1812 genre painting by John Lewis Krimmel

Fourth of July Celebration in Centre Square is an oil-on-canvas genre painting by John Lewis Krimmel (1786–1821). The painting was first exhibited in Philadelphia in 1812 and was purchased by the Pennsylvania Academy of the Fine Arts in 1845. It depicts a diverse crowd of Philadelphia's citizens mingling in the public square.

== Description and analysis ==
Like many of Krimmel's paintings, Fourth of July Celebration in Centre Square depicts a bustling street scene. The location is the public square at Broad and Market Streets, the site of present-day Philadelphia City Hall. Some 50 people enjoy an Independence Day outing in the sunshine, gathering in conversation or buying food and beer from a street vendor tabling on the lower left. The presence of the old woman selling alcoholic drinks is considered to be a moralizing statement against alcohol. The crowd is diverse in ethnicity, sex, age, and class, with smartly dressed ladies and gentlemen, austerely dressed Quakers, and black Philadelphians (Krimmel was among the first U.S. artists to paint free African Americans). Two playful dogs sniff noses in the center foreground.

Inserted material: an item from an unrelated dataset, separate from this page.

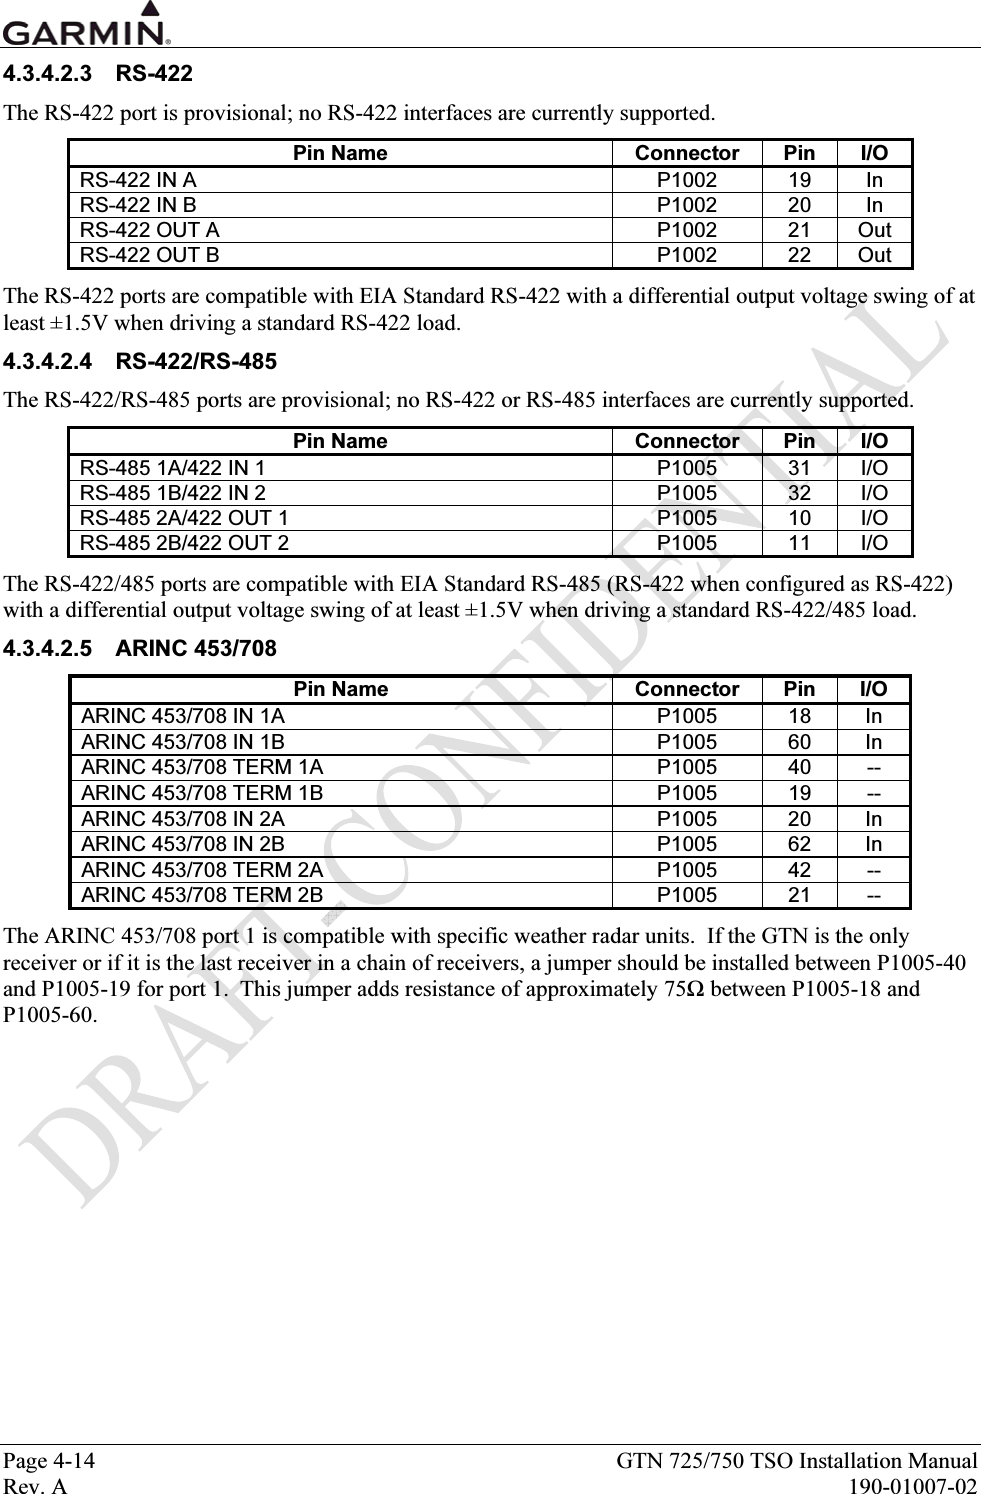  Page 4-14  GTN 725/750 TSO Installation Manual Rev. A  190-01007-02 4.3.4.2.3 RS-422 The RS-422 port is provisional; no RS-422 interfaces are currently supported. Pin Name  Connector  Pin  I/O RS-422 IN A  P1002  19  In RS-422 IN B  P1002  20  In RS-422 OUT A  P1002  21  Out RS-422 OUT B  P1002  22  Out The RS-422 ports are compatible with EIA Standard RS-422 with a differential output voltage swing of at least ±1.5V when driving a standard RS-422 load. 4.3.4.2.4 RS-422/RS-485 The RS-422/RS-485 ports are provisional; no RS-422 or RS-485 interfaces are currently supported. Pin Name  Connector  Pin  I/O RS-485 1A/422 IN 1  P1005  31  I/O RS-485 1B/422 IN 2  P1005  32  I/O RS-485 2A/422 OUT 1  P1005  10  I/O RS-485 2B/422 OUT 2  P1005  11  I/O The RS-422/485 ports are compatible with EIA Standard RS-485 (RS-422 when configured as RS-422) with a differential output voltage swing of at least ±1.5V when driving a standard RS-422/485 load. 4.3.4.2.5 ARINC 453/708 Pin Name  Connector  Pin  I/O ARINC 453/708 IN 1A  P1005  18  In ARINC 453/708 IN 1B  P1005  60  In ARINC 453/708 TERM 1A  P1005  40  -- ARINC 453/708 TERM 1B  P1005  19  -- ARINC 453/708 IN 2A  P1005  20  In ARINC 453/708 IN 2B  P1005  62  In ARINC 453/708 TERM 2A  P1005  42  -- ARINC 453/708 TERM 2B  P1005  21  -- The ARINC 453/708 port 1 is compatible with specific weather radar units.  If the GTN is the only receiver or if it is the last receiver in a chain of receivers, a jumper should be installed between P1005-40 and P1005-19 for port 1.  This jumper adds resistance of approximately 75Ω between P1005-18 and P1005-60.

Krimmel depicted crowd members reacting to the female nude statue, as a commentary on public consumption of art. Country bumpkins gape in amazement, a fashionable lady shades her eyes to see more clearly, mischievous boys clamber over the fence encircling the sculpture, a well-dressed Black couple stand nearby, and a plainly dressed Quaker man lectures his son while his wife furtively peers at the statue over his shoulder.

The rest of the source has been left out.